We hope you become inspired, too!

entrepreneurship at bschool

Today’s question is: What resources are available for student entrepreneurs?

Isser Gallogly, Assistant Dean of MBA Admissions at NYU Stern School of Business: The W.R. Berkley Innovation Lab includes an annual $200K Entrepreneurs Challenge.  This past year, 231 teams comprising more than 800 entrants from 16 schools at NYU competed in one of three challenges: New Venture, Social Venture and Technology Venture.
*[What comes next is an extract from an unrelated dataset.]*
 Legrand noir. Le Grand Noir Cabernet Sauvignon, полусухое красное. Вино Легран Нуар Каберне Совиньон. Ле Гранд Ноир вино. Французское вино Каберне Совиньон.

Melissa Fogerty, Director of Admissions at Yale School of Management: Students from across campus participate in the courses and programs run by our Program on Entrepreneurship, which hosts numerous entrepreneurship electives like Venture Capital & Private Equity Investments, Start-up Founder Practicum (a mechanism for SOM students to work on their start-up ventures for credit), Impact Investing, and New Ventures in Healthcare and the Life Sciences.

Our students also connect with their peers and faculty around Yale through the Yale Entrepreneurial Institute, a campus-wide convening space for entrepreneurs, to start new ventures. This points to one of the huge reasons we put so much energy into engaging with the rest of Yale: it gives our students the opportunity to build diverse teams around meaningful projects, and by doing so, to forge relationships that will benefit them throughout their careers.
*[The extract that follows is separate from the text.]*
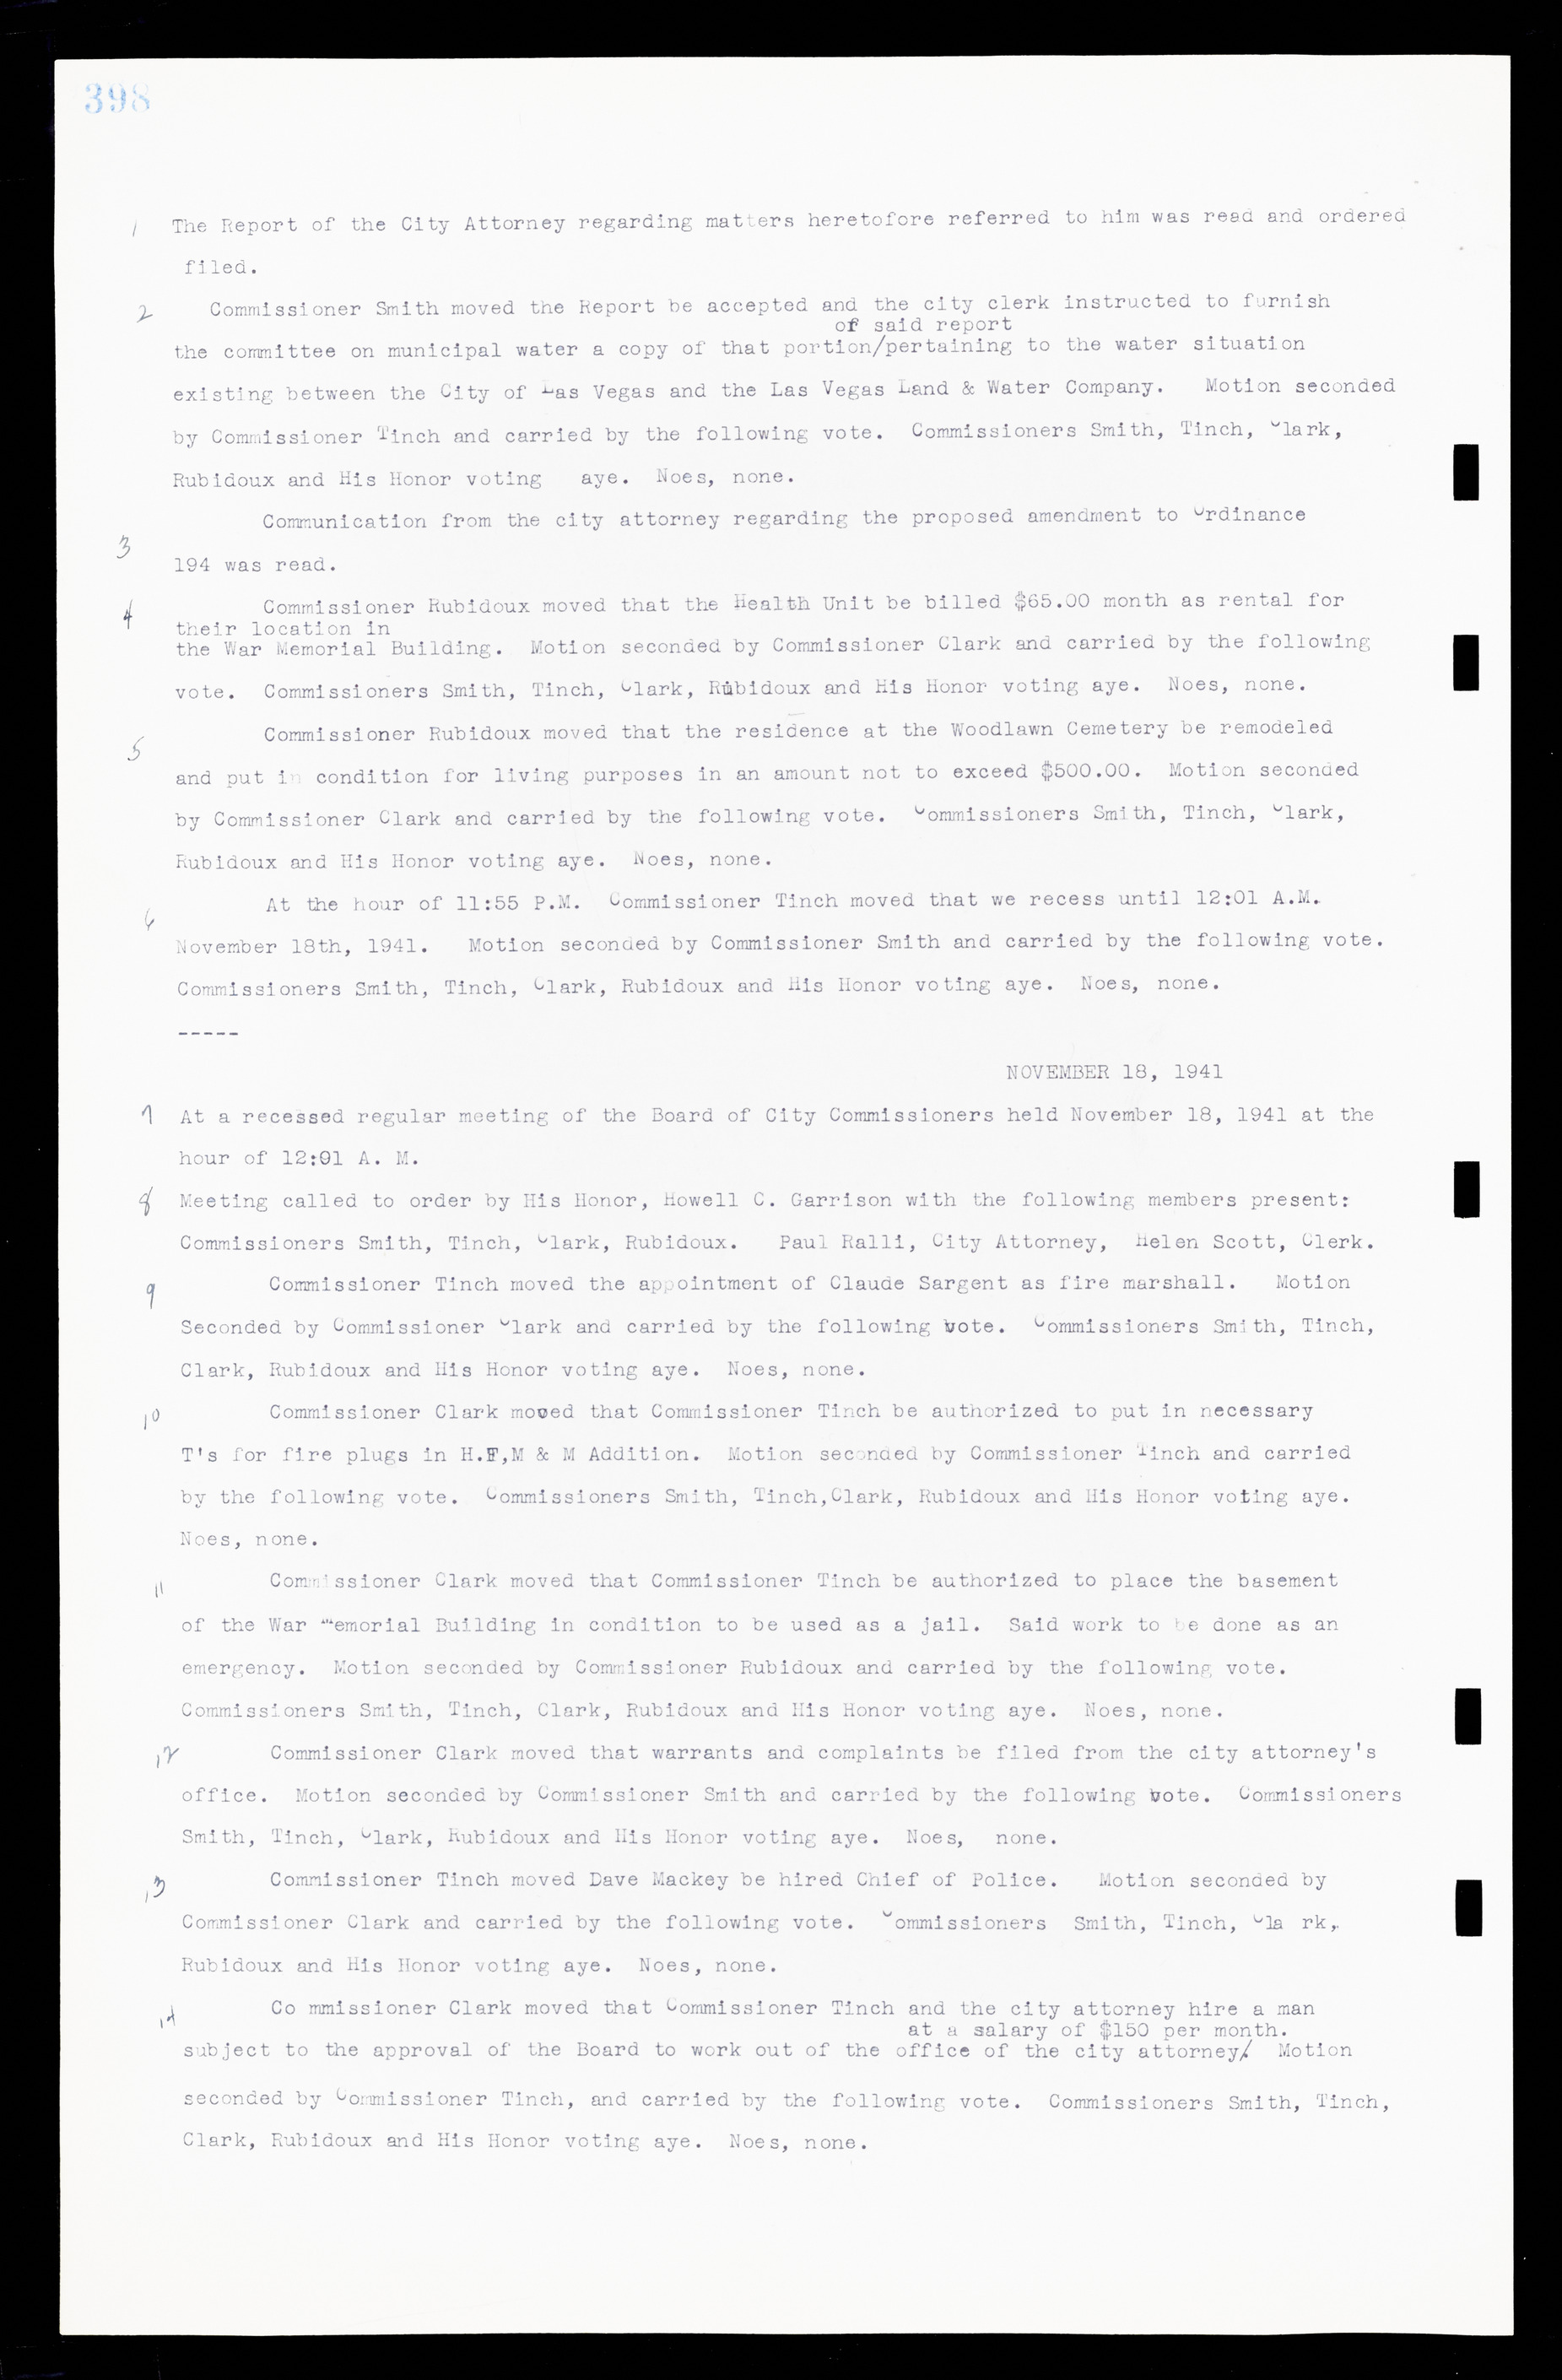 Las Vegas City Commission Minutes, February 17, 1937 to August 4, 1942, lvc000004-424

Alex Lawrence, Assistant Dean of  MBA Admissions at UCLA Anderson School of Management: The Price Center for Entrepreneurship and Innovation, which includes the Anderson Venture Accelerator, 24 courses involving 20 faculty members, and Entrepreneur Association (student club) presents more than 150 events each year.

Kelly R. Wilson, Executive Director of Admissions at CMU Tepper School of Business: The Swartz Center for Entrepreneurship unites the Tepper School with the world’s top-ranked Computer Science college, acclaimed Engineering and Fine Arts schools, and students, faculty and innovation from across a campus that is acclaimed for its startups, research and new big ideas.

Allison Jamison, Admissions Director at Duke University’s Fuqua School of Business: Fuqua has a very active entrepreneurship community.  The Program 4 Entrepreneurs (P4E) is a great way for those interested in entrepreneurship to gain experience or grow an idea. If you have an idea for a start up, or want to be a part of a start up team, this is the place to start.  We also maintain a network of alumni entrepreneurs at DukeGEN that works with our staff, faculty, students, and alumni to advance entrepreneurial activities.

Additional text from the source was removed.